On 24 October 2014, against South Africa in the second ODI, McClenaghan became the fastest New Zealander and joint second fastest of all time to reach 50 ODI wickets in terms of matches. He achieved the feat in his 23rd ODI match with the wicket of Quinton de Kock.

===Cricket World Cup 2015===
In January 2015, McClenaghan was named in New Zealand's 15 man ODI squad for the 2015 Cricket World Cup, but the depth of New Zealand's pace resources only allowed him one match during New Zealand's surge to the final. He played his only World Cup match against Bangladesh on 13 March 2015 where he returned figures of 0-68 from his 8 overs.

===Twenty20 World Cup 2016===
In January 2016, McClenaghan was named in New Zealand's 15 man T20I squad for the 2016 Twenty World Cup. He played a total of 4 matches in the tournament and picked up a total of 4 wickets at an average of 21.75 with a best bowling figures of 3–17 against Australia.
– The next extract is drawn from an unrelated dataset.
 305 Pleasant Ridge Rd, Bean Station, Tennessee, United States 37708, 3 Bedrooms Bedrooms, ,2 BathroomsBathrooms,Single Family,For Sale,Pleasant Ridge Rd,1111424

===Champions Trophy 2017===
In April 2017, McClenaghan was named in New Zealand's 15 man ODI squad for the 2017 Champions Trophy. But he didn't feature in New Zealand's any three matches of the tournament.
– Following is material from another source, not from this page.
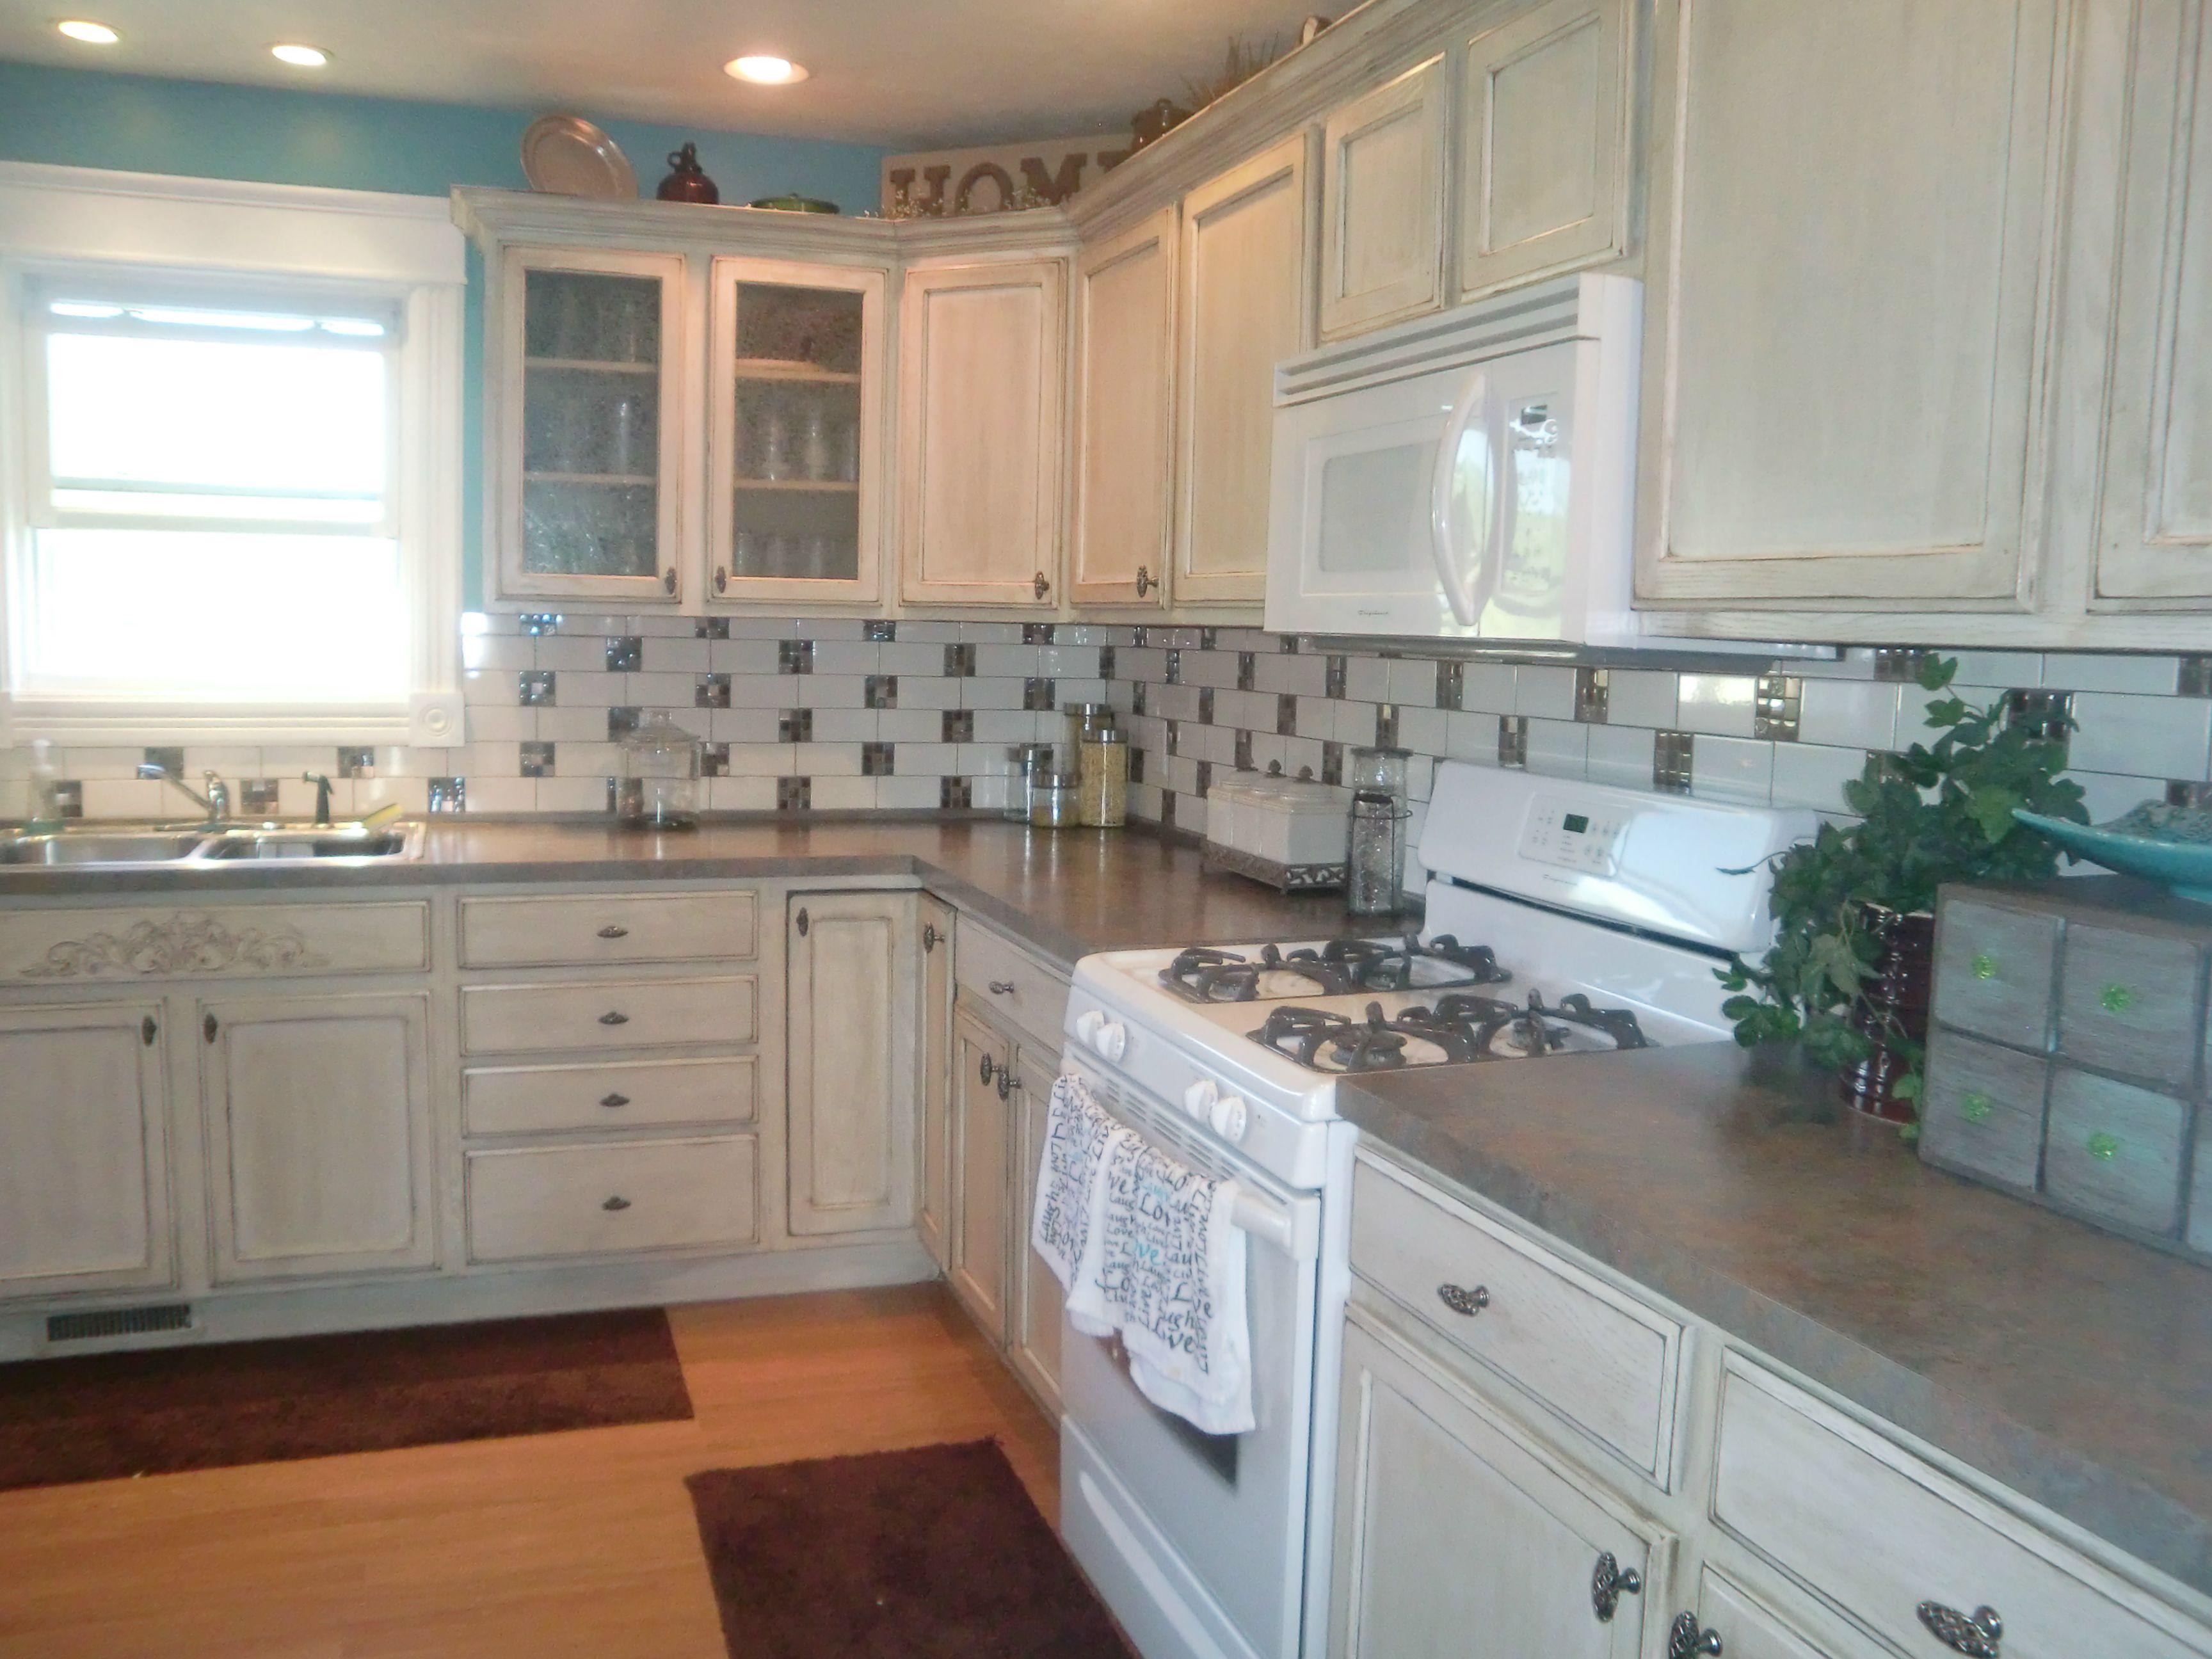 Distressed kitchen cabinets | Home design ideas | Pinterest

===Giving up New Zealand contract===
In August 2017, McClenaghan gave up New Zealand contract in order to pursue overseas T20 league career. He was eligible for selection for New Zealand whenever available in the future. He was replaced by Lockie Ferguson in New Zealand's central contract list.

===World XI===
In May 2018, McClenaghan was named in ICC’s World XI squad to face the West Indies in a one-off T20I at the Lord's. The T20I was granted international status by the ICC and was played to raise funds for two stadiums damaged by two hurricanes in September 2017 in the Caribbean and was named as Hurricane Relief T20 Challenge. McClenaghan played in the match and finished with the figures of 0-31 from his three overs. It was the last ever international match for McClenaghan till date.

==Domestic career==
In 2009, in a non-first-class match, McClenaghan took 5/36 against the England Lions for New Zealand Emerging Players.
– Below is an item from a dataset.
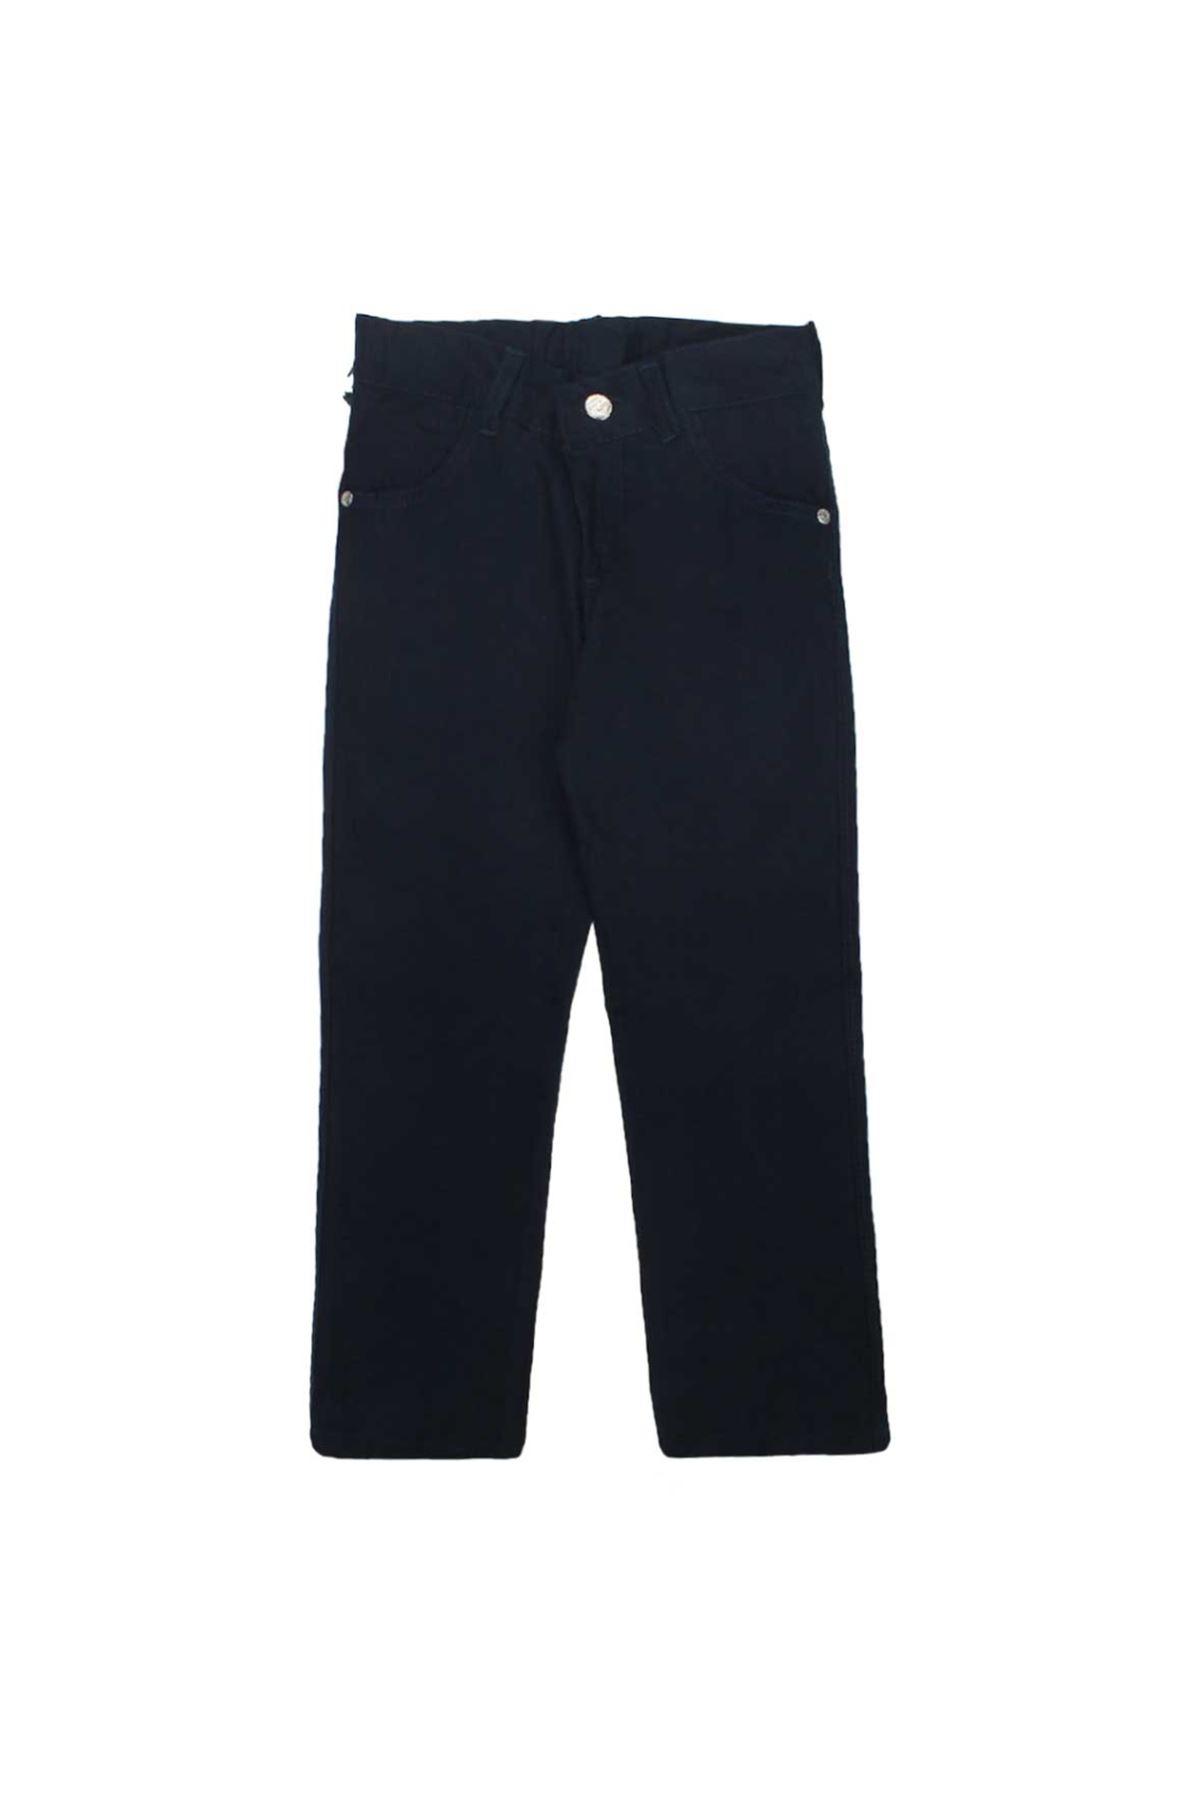 Lacivert  Erkek Çocuk Keten Pantolon

It was announced on 14 June 2013 that McClenaghan would be joining Lancashire as an overseas player for their Friends Life t20 campaign. He was awarded the Player of the Match award in his first home match at Old Trafford against Nottinghamshire after taking five wickets for just 29 runs.

On 19 May 2015, McClenaghan joined Middlesex as an overseas player for their final six T20 Blast group matches, replacing South African Kyle Abbott from the end of June 2015. He made his debut against Sussex at Lord's on 2 July 2015 and took eight wickets in four appearances, including 3/24 on his debut.

McClenaghan was the leading wicket-taker for Auckland in the 2018–19 Ford Trophy, with fifteen dismissals in nine matches.

===T20 franchise career===
McClenaghan made his Indian Premier League debut in 2015, when he was bought by Mumbai Indians and took 14 wickets at a bowling average of 22.50 runs per wicket in 10 appearances. He played with the franchise in the 2016 and 2017 editions. After going unsold in the 2018 auction, McClenaghan was selected by the Mumbai Indians as a replacement for the injured Jason Behrendorff.

In September 2018, McClenaghan was named in Nangarhar's squad in the first edition of the Afghanistan Premier League tournament.

In September 2022, he was selected to play for the Gujarat Giants franchise team in the 2022 Legends League Cricket. And In 2023 he was selected by Manipal Tigers.

==Records and achievements==
- Best bowling figures by a New Zealand ODI debutant (4-20).
- Only the second New Zealander after Dayle Hadlee to take four wickets on ODI debut.
- Second highest wicket-taker in the 2013 Champions Trophy (11).
- Fastest New Zealander and joint second fastest of all time to reach 50 ODI wickets in terms of matches (23).